▶ **RECORDS TO USE**:
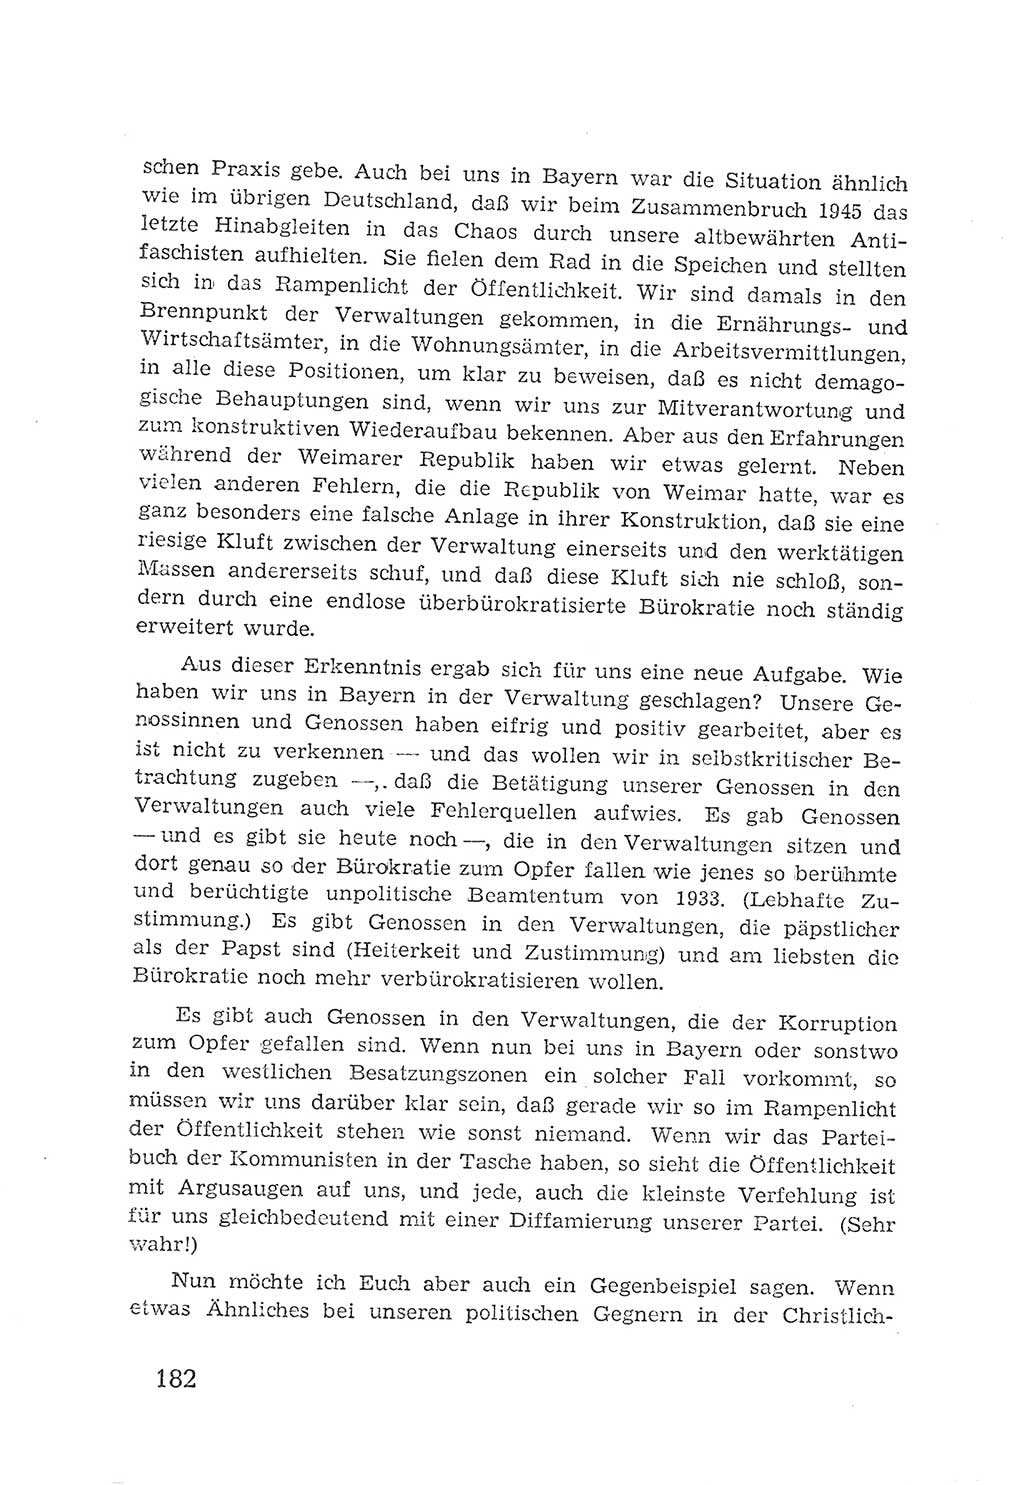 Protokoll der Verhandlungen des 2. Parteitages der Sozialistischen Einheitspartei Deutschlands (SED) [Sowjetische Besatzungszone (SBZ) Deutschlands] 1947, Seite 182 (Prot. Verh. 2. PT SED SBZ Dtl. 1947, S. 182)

...

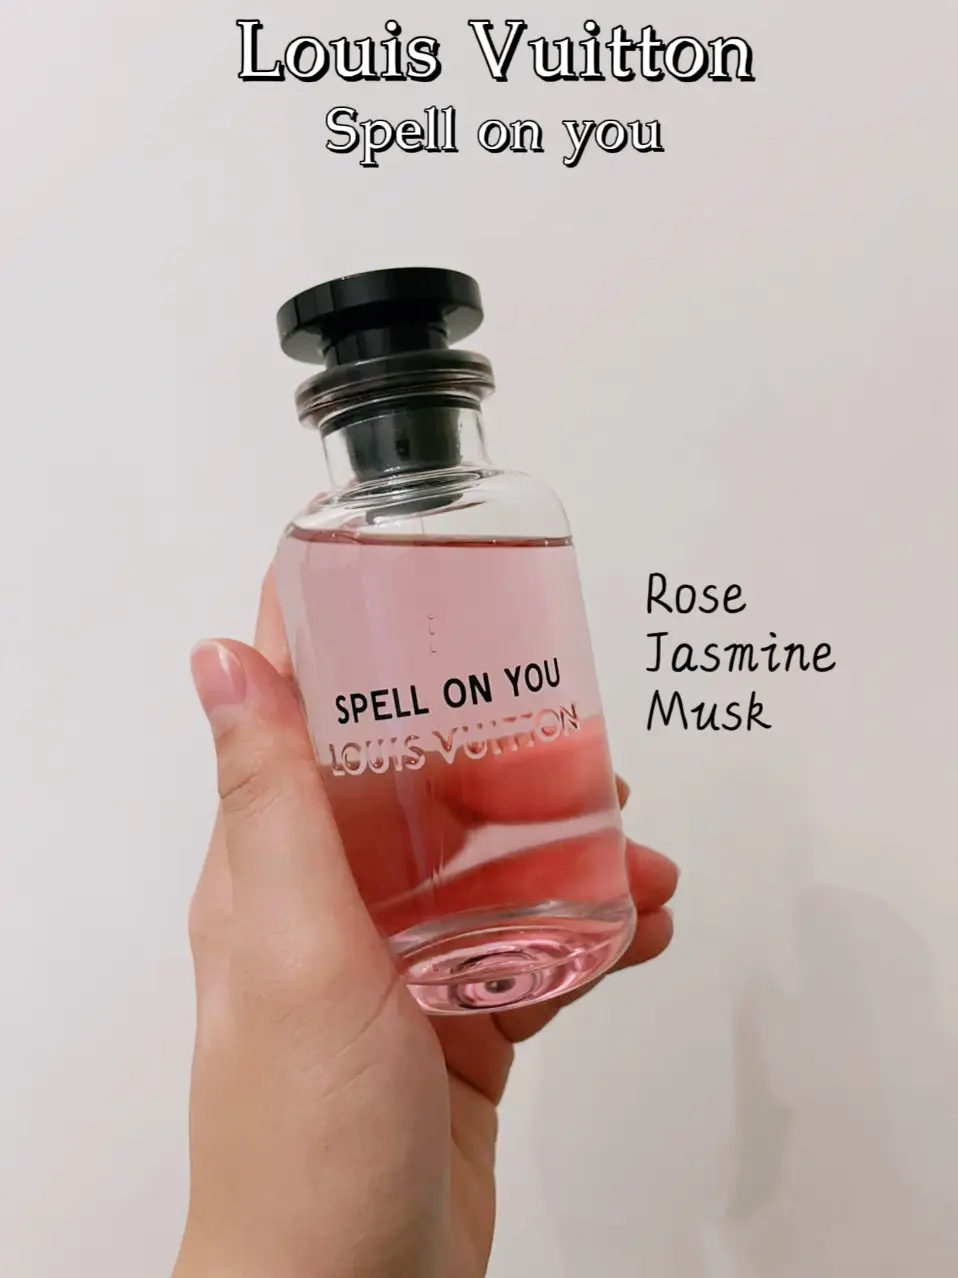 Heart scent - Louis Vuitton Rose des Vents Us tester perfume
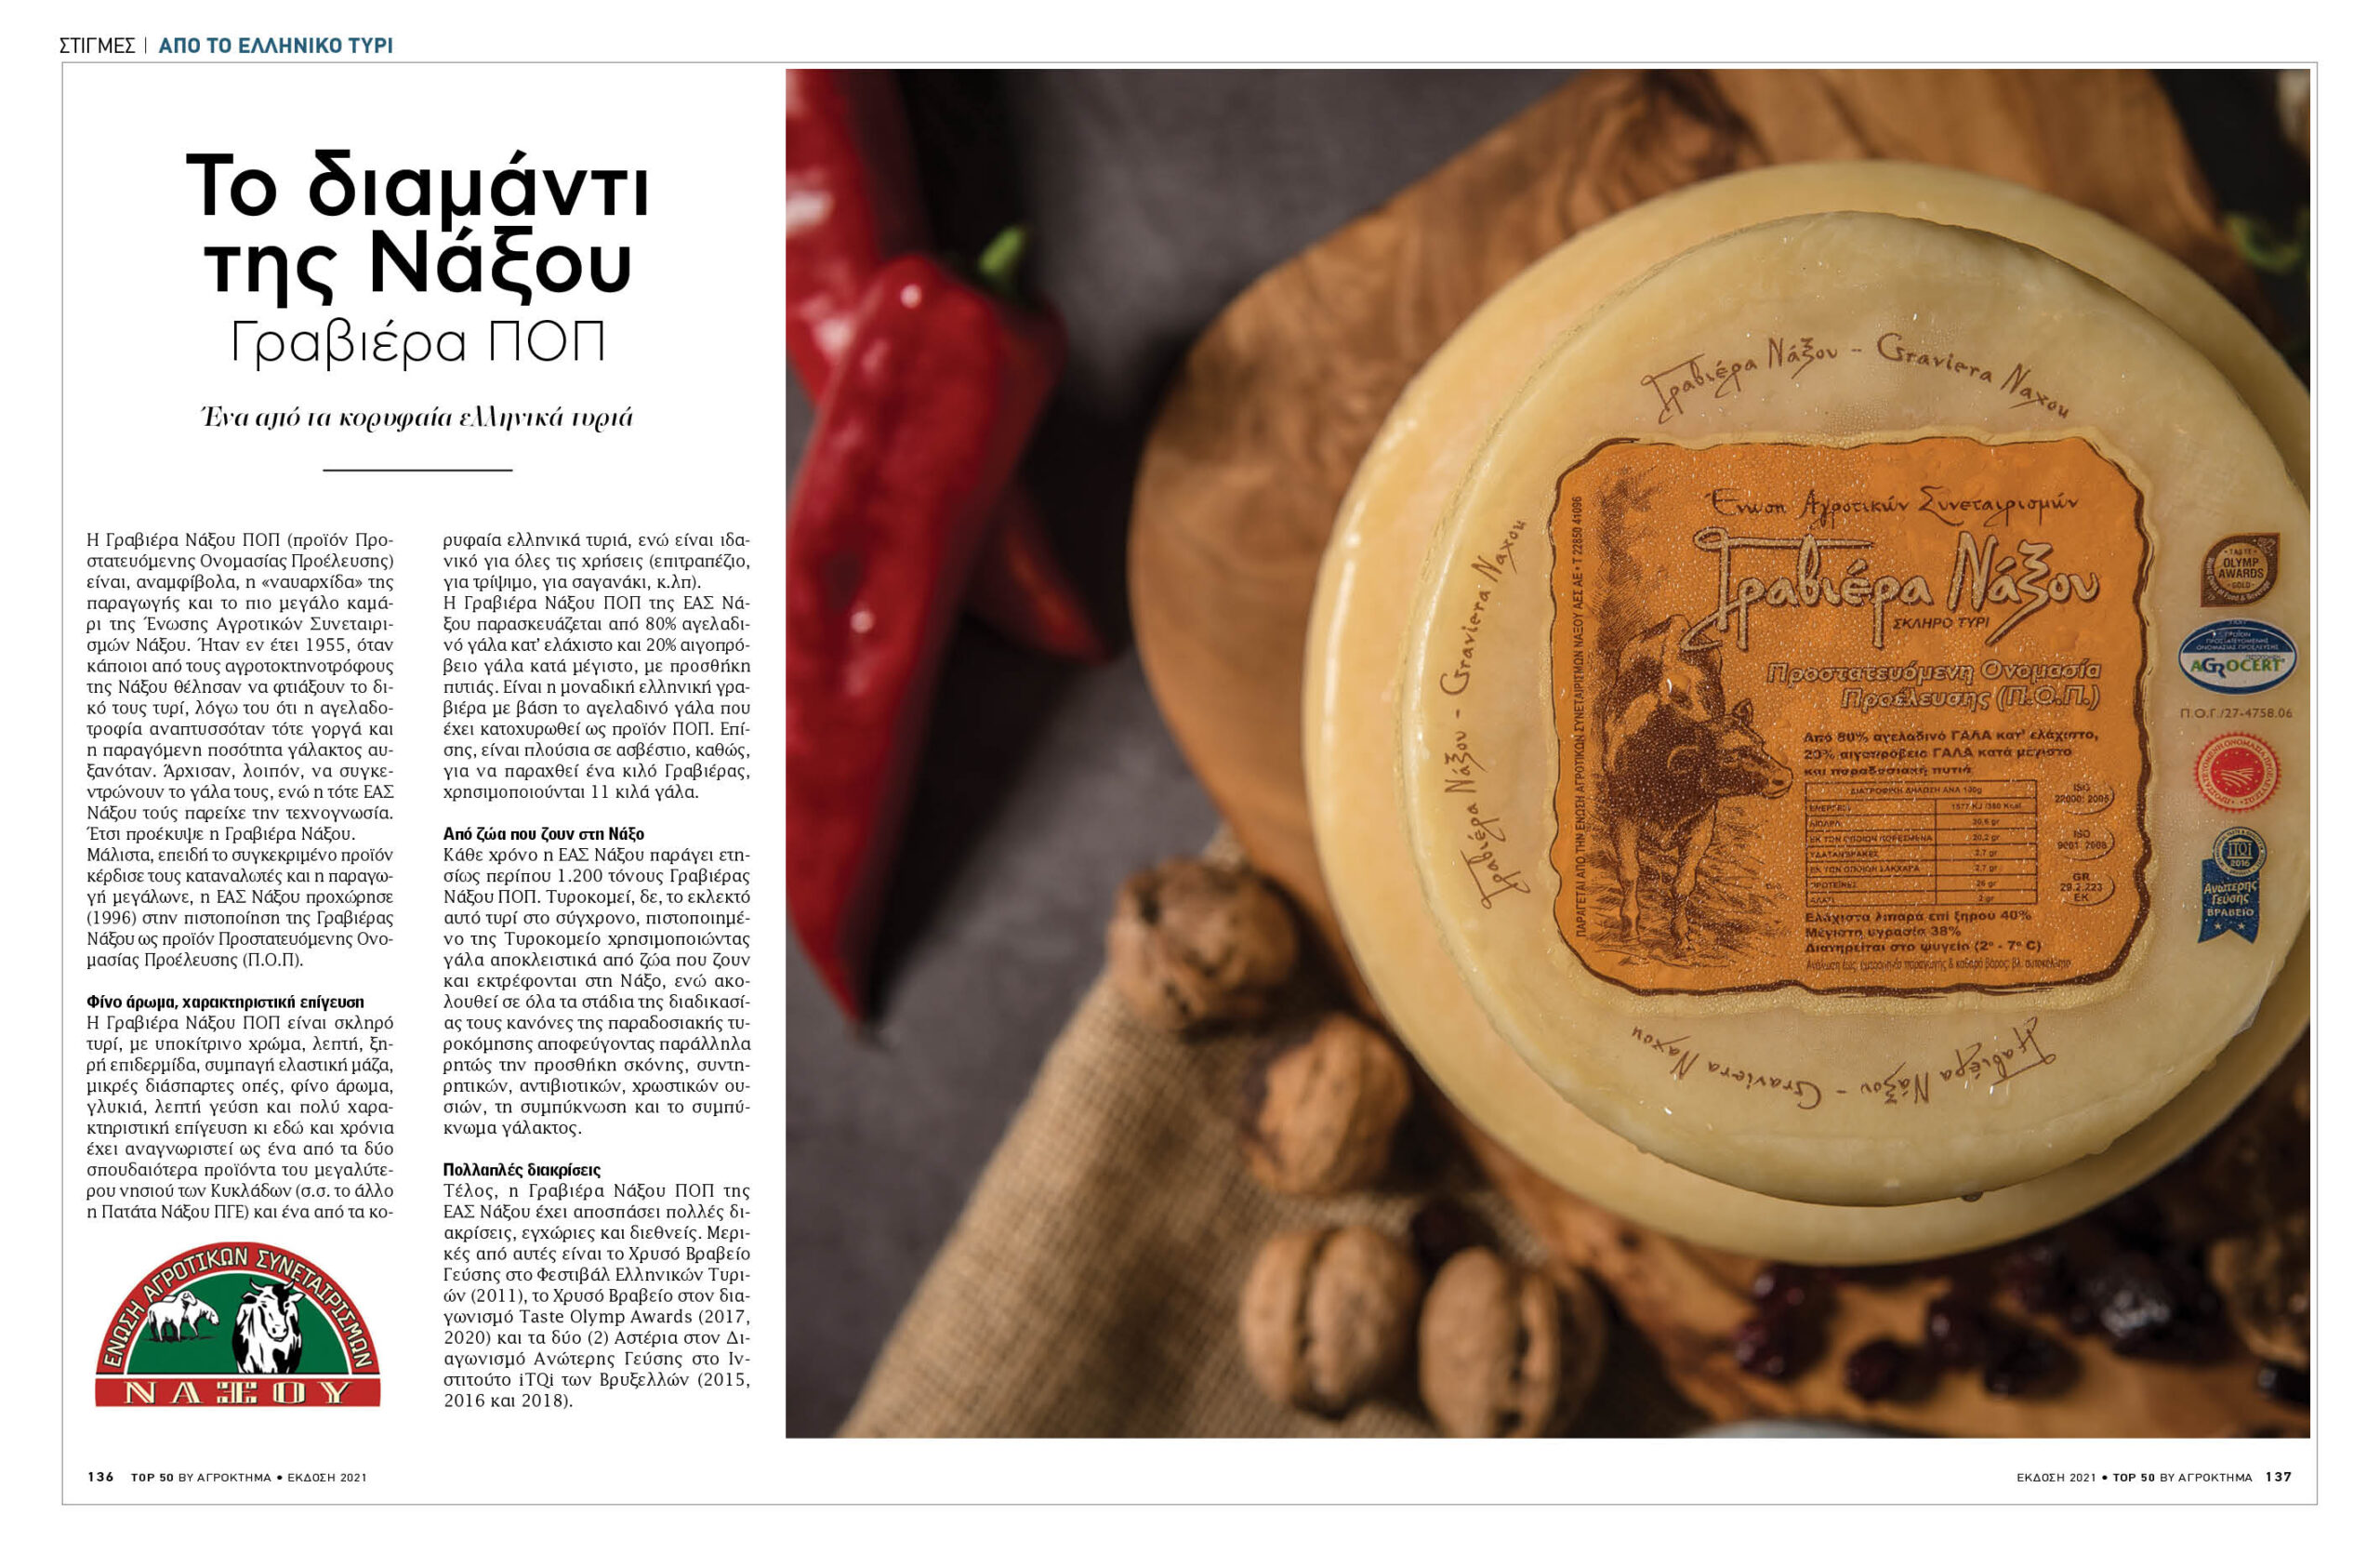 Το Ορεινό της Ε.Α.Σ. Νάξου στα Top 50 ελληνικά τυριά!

▶ **WHAT TO DO**: From the data above, return exactly the lines from the one with "Heart scent - Louis" up to and including the one with "Το Ορεινό της". Pictures do not go in the copy.

▶ **FINISHED TASK**:
 Heart scent - Louis Vuitton Rose des Vents Us tester perfume
 Το Ορεινό της Ε.Α.Σ. Νάξου στα Top 50 ελληνικά τυριά!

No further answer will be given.